▸ **DATA EXCERPT**:
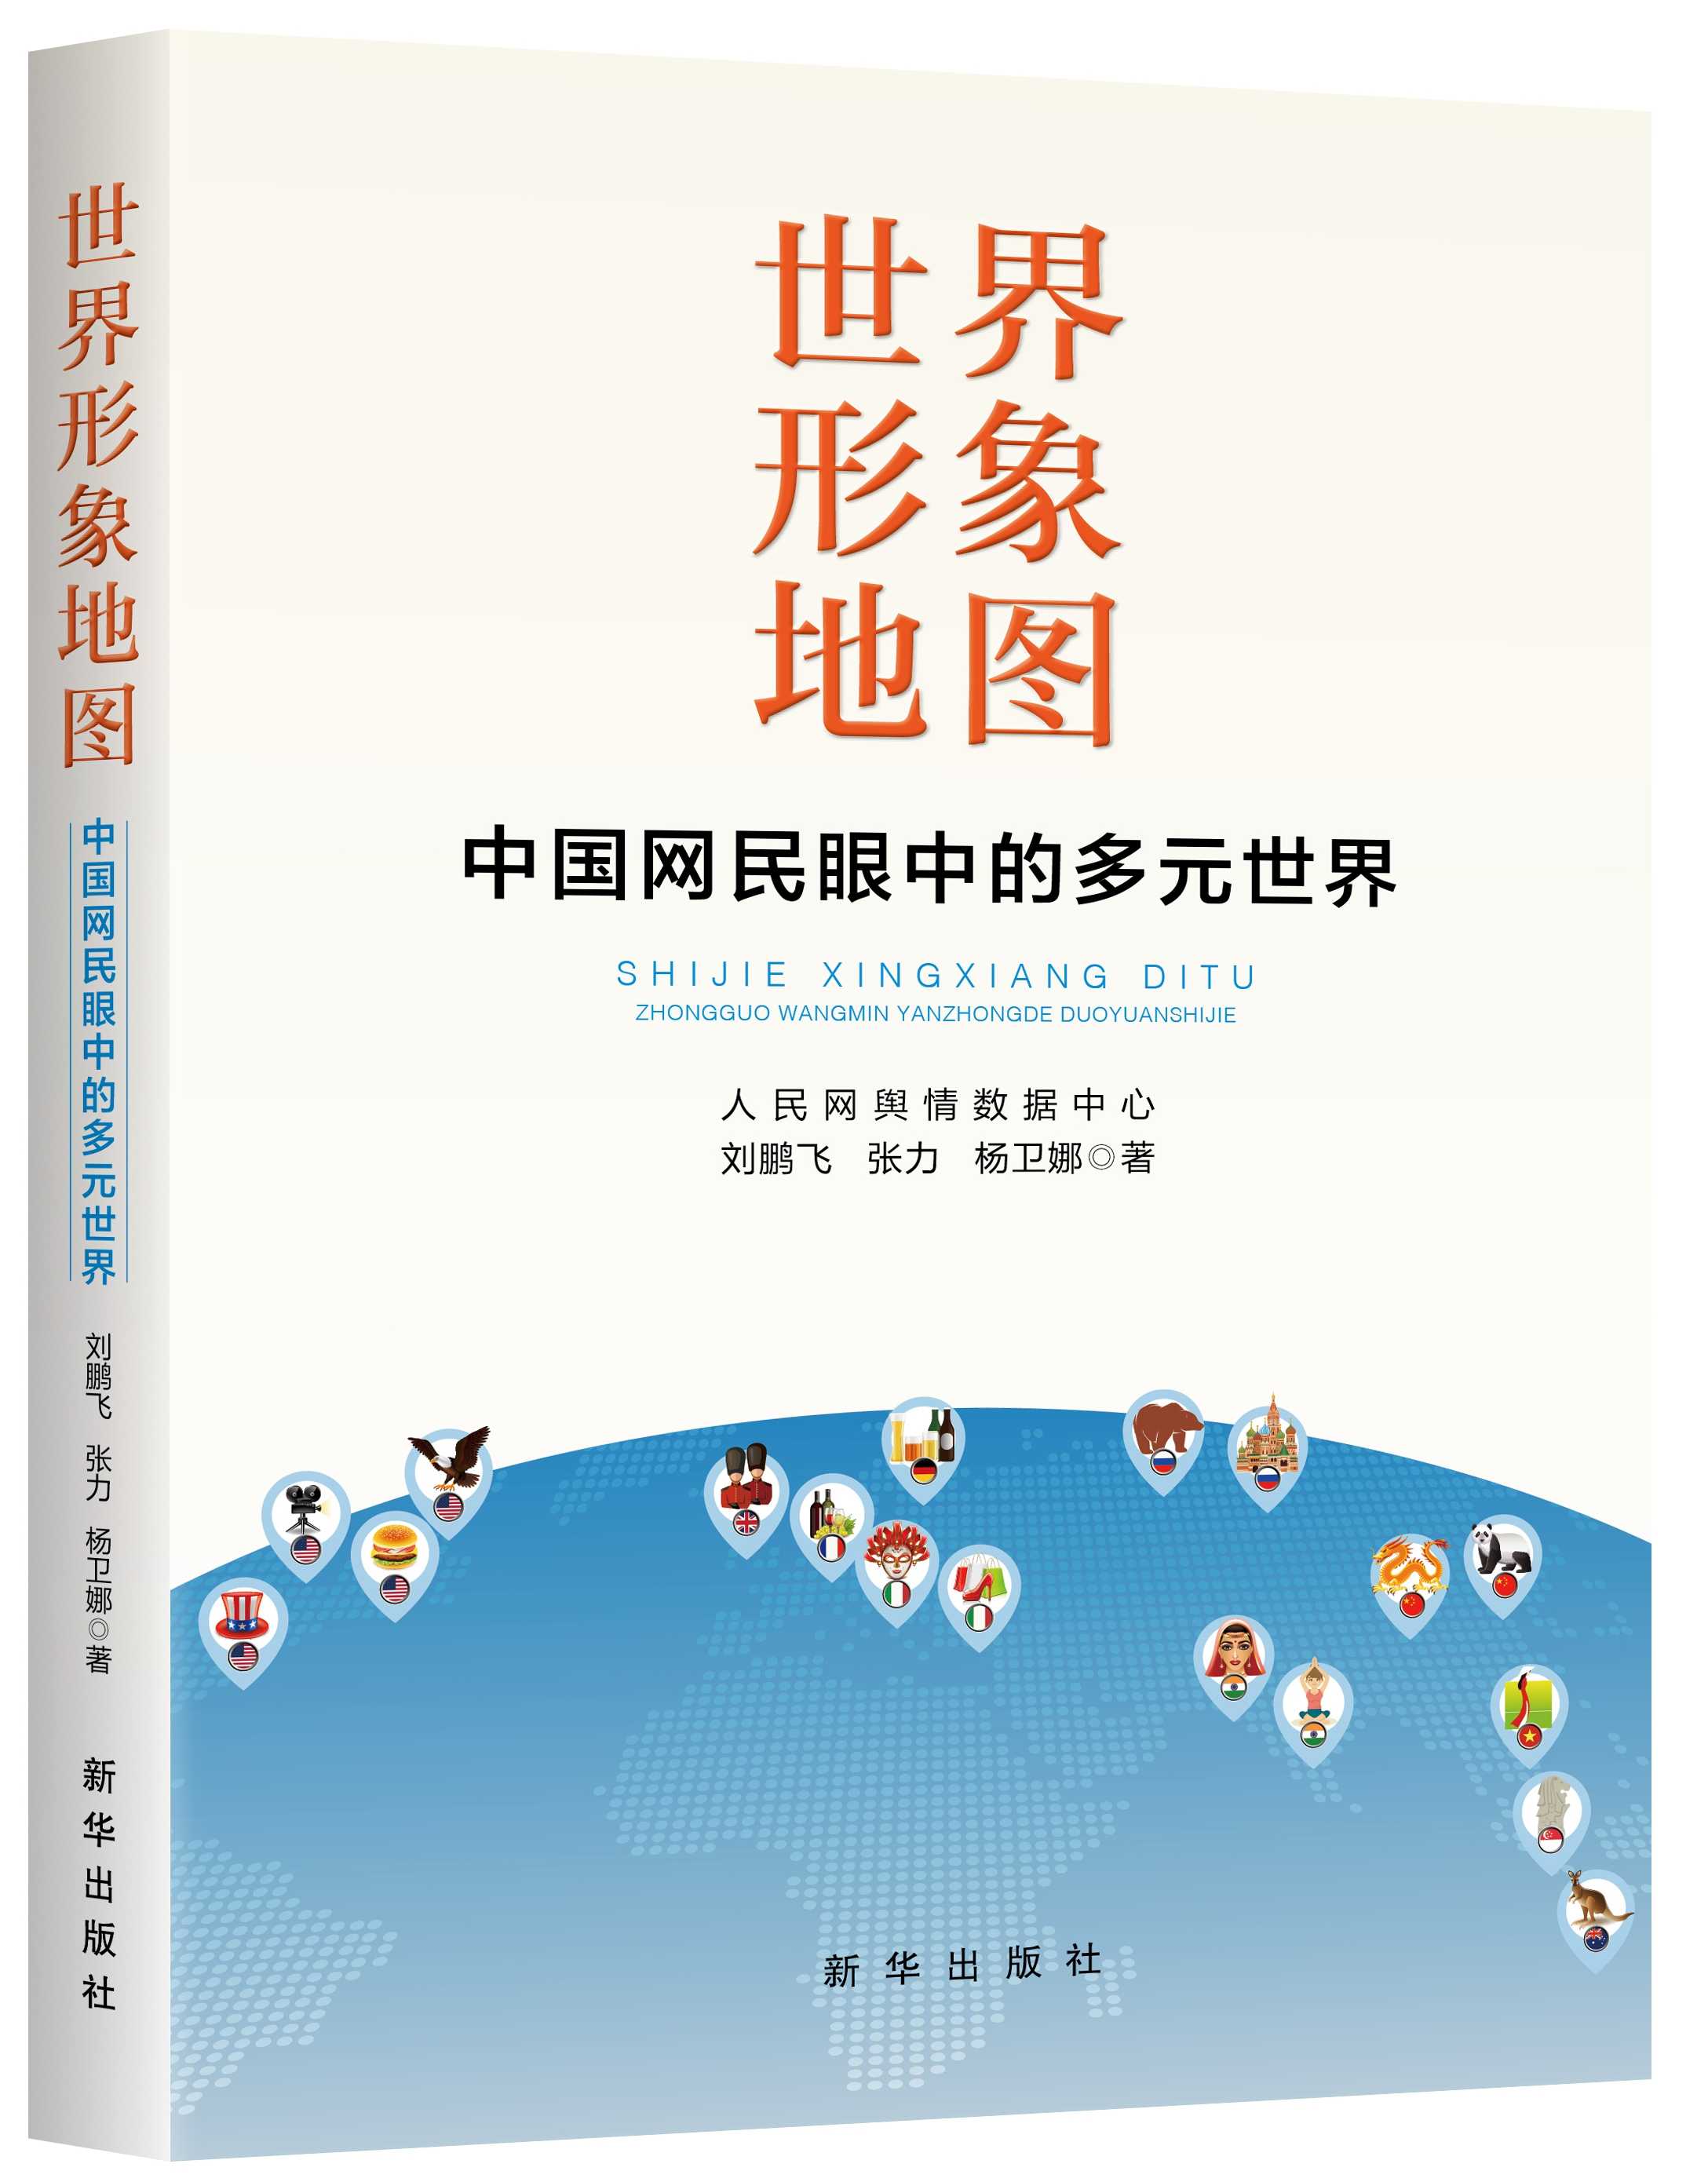 《世界形象地图 ——中国网民眼中的多元世界》
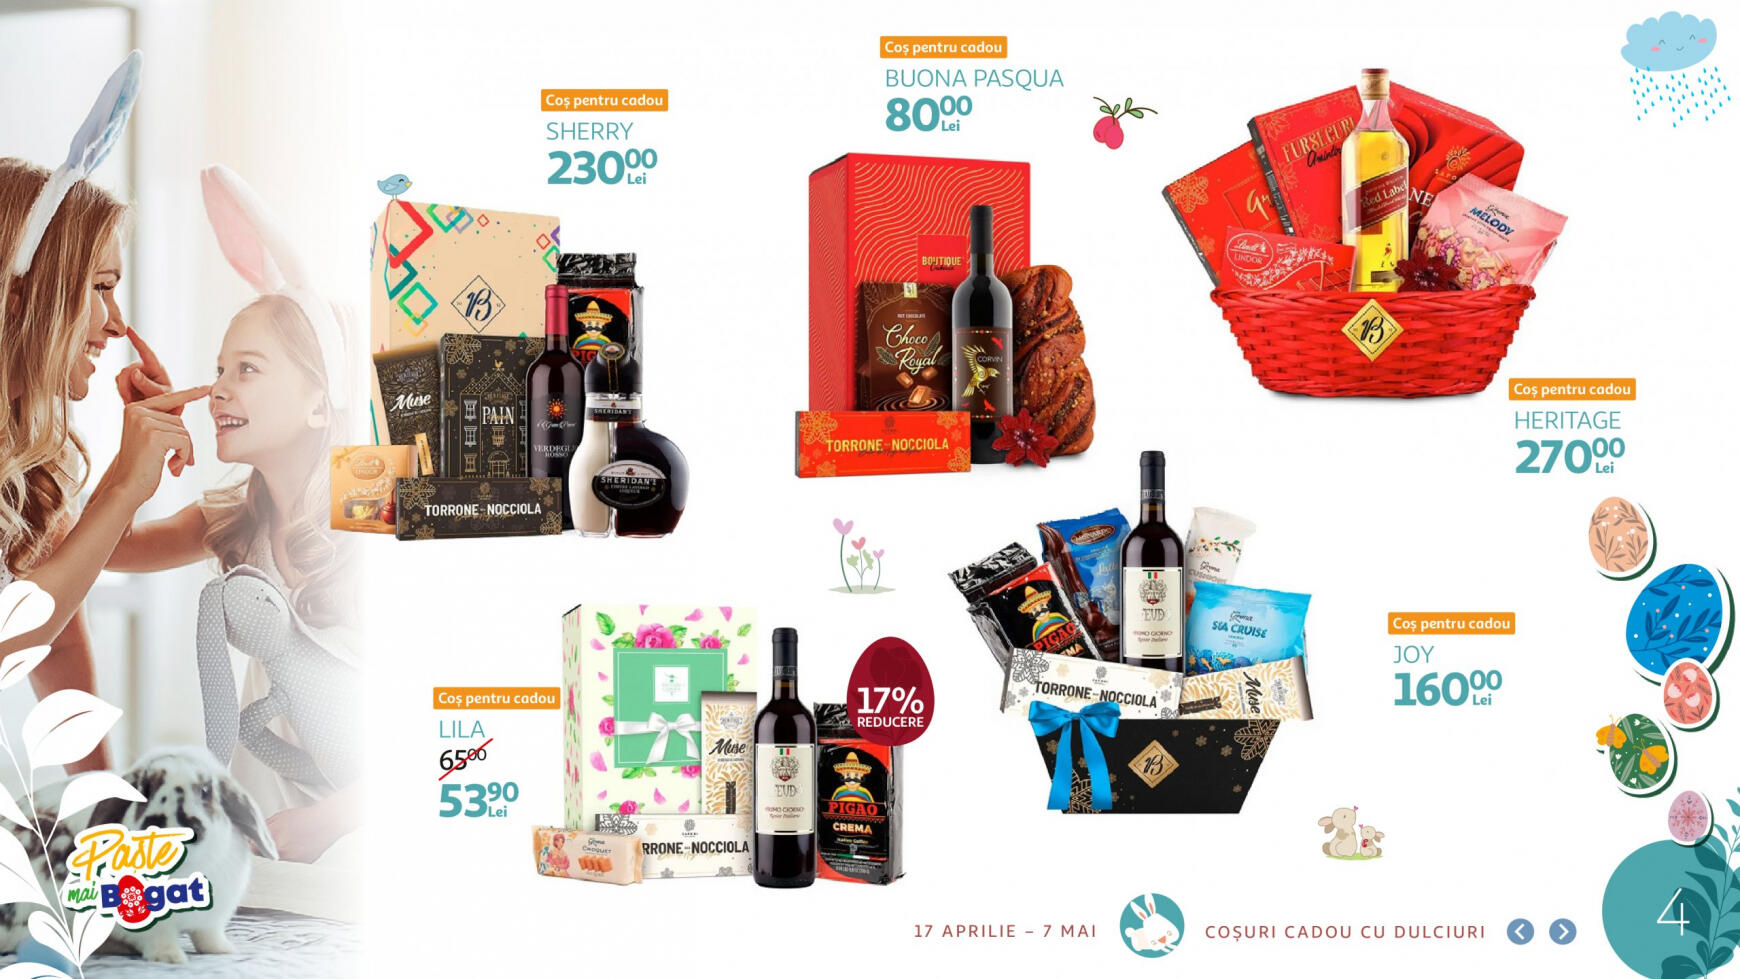 auchan - Catalog nou Auchan - Catalogul cadourilor pentru Paște 17.04. - 07.05. - page: 4
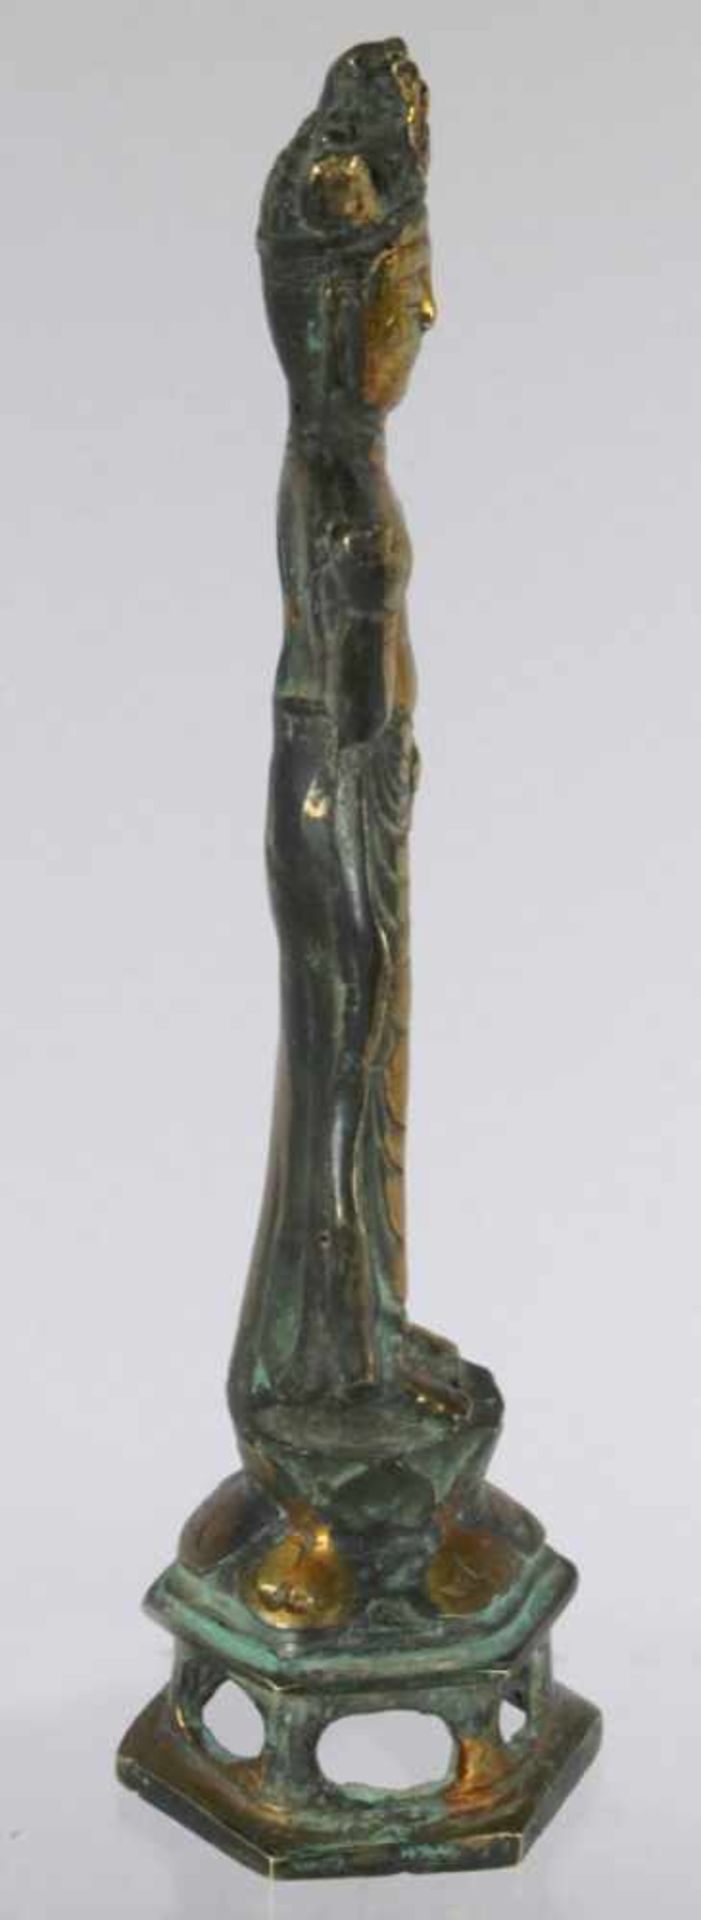 Bronze-Plastik, "Buddha", China, 19./20. Jh., auf durchbrochen gearbeitetem - Bild 4 aus 5
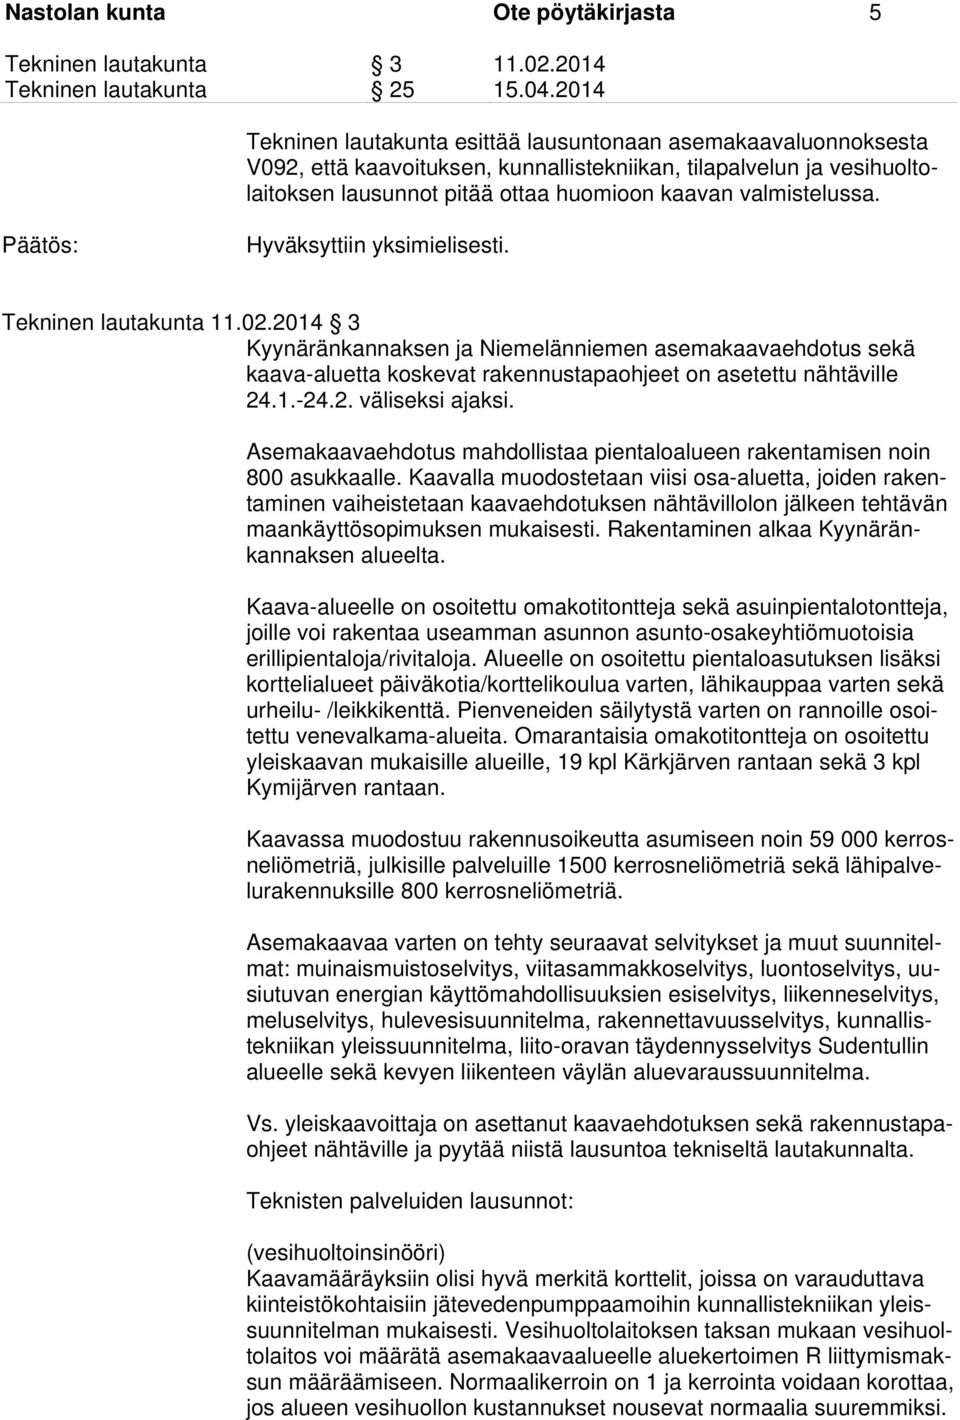 2014 3 Kyynäränkannaksen ja Niemelänniemen asemakaavaehdotus sekä kaava-aluetta koskevat rakennustapaohjeet on asetettu nähtäville 24.1.-24.2. väliseksi ajaksi.

▸ **ASSIGNMENT**: Copy verbatim the span that opens at the line with "auchan - Catalog nou" and closes at the final line of the listing. Do not carry over any pictures.

▸ **THE COMPLETED TASK**:
 auchan - Catalog nou Auchan - Catalogul cadourilor pentru Paște 17.04. - 07.05. - page: 4
 Bronze-Plastik, "Buddha", China, 19./20. Jh., auf durchbrochen gearbeitetem - Bild 4 aus 5
 2014 3 Kyynäränkannaksen ja Niemelänniemen asemakaavaehdotus sekä kaava-aluetta koskevat rakennustapaohjeet on asetettu nähtäville 24.1.-24.2. väliseksi ajaksi.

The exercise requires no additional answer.